JEAN ANTOINE ROUCHER (1745-1794), French poet, the son of a tailor of Montpellier, was born on the 22nd of February 1745. By an epithalamium on Louis XVI. and Marie Antoinette he gained the favour of Turgot, and obtained a salt-tax collectorship. His poem was entitled Les Mois; it appeared in 1779, was praised in MS., damned in print and restored to a just appreciation by the students of literature of the 19th century. It has the drawbacks of merely didacticdescriptive poetry on the great scale, but occasionally displays much grace and spirit. The malicious wit of Rivarol's mot on the ill-success of the poem, "C'est le plus beau naufrage du siecle," is not intelligible unless it is said that one of the most elaborate passages describes a shipwreck. Roucher was a disciple of Voltaire, and therefore a friend of the Revolution, but he remained moderate in his opinions. He frequently presided over an anti-Jacobin club, and denounced the tyranny of the popular demagogues in supplements published with the Journal de Paris in 1792. He was arrested on the 4th of October 1793, and, accused of being the leader of a conspiracy among the prisoners at Saint Lazare, was sent to the guillotine on the same tumbril with his friend Andre Chenier on the 25th of July 1794. Roucher translated in 1790 Adam Smith's Wealth of Nations. His letters from prison were edited by his son-in-law under the title of Consolations de ma captivire (1797) and his death was made the subject of a tragedy in 1834 by his brother Claude Roucher-Deratte, a voluminous writer.

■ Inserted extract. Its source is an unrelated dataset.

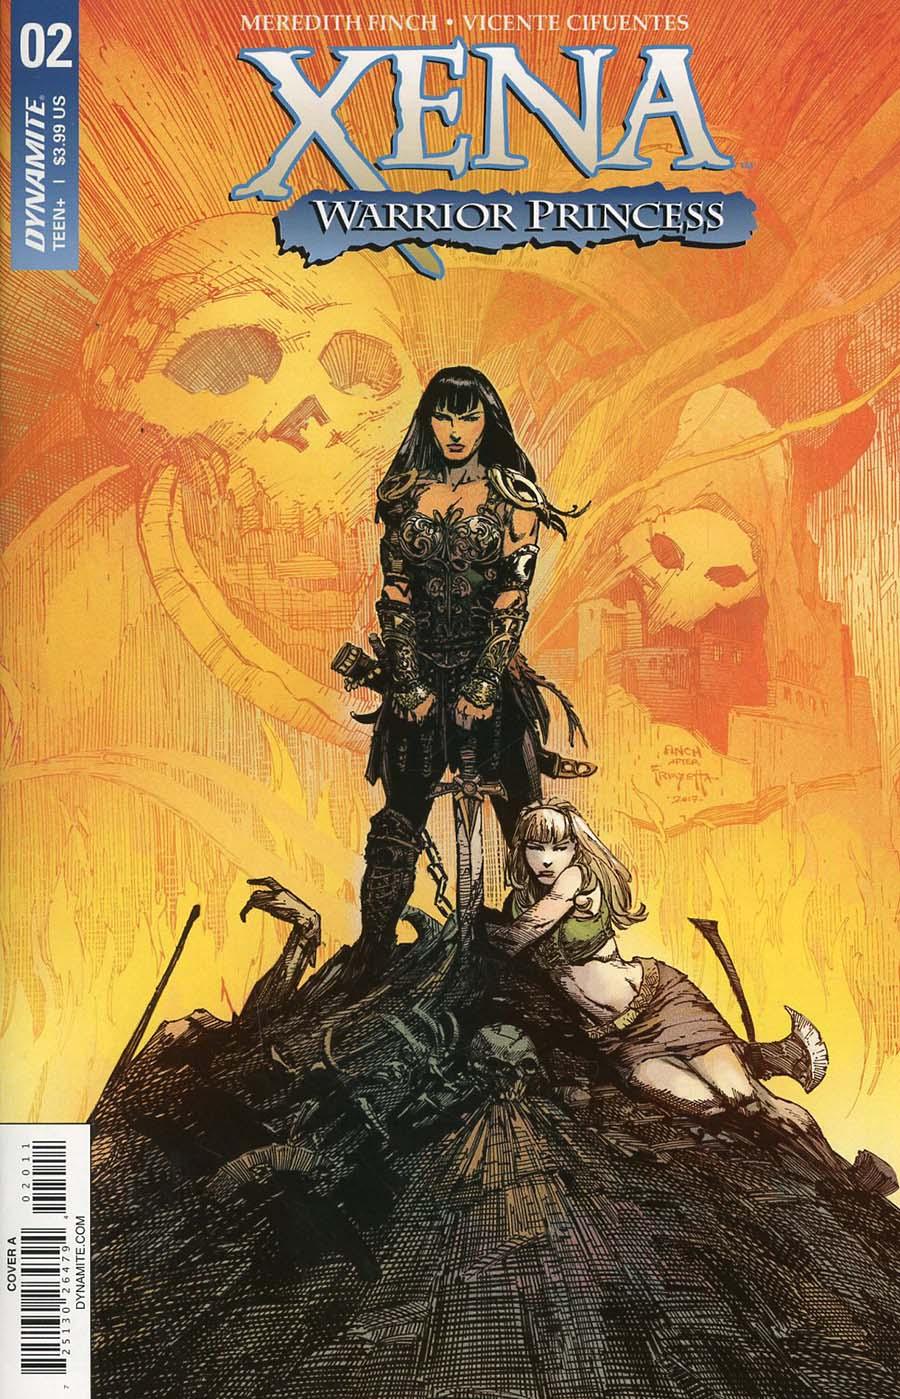 Xena Vol 2 #2 Cover A Regular David Finch Cover

See A. Guillois, Pendant la terreur, la poete Roucher,1745-1794 (1890), founded on the poet's papers by one of his descendants.
ROUÉ, a dissipated debauchee. The word is French, and its original meaning was "broken on the wheel." Breaking on the wheel was a form of execution reserved in France, and some other countries, for crimes of peculiar atrocity. A roué, therefore, came by a natural process to be understood to mean a man morally worse than a pendard or gallows-bird, who only deserved hanging for common crimes. He was also a leader in wickedness, since the chief of a gang of brigands (for instance) would be broken on the wheel, while his obscure followers were merely hanged. Philip, duke of Orleans, who was regent of France from 1715 to 1723, gave the term the sense of impious and callous debauchee, which it has borne since his time, by habitually applying it to the very bad male company who amused his privacy and his leisure. The locus classicus for the origin of this use of the epithet is in the Memoirs of Saint-Simon (vol. xii. pp. 441-46, ed. Cheruel and Regnier, Paris, 1873-86).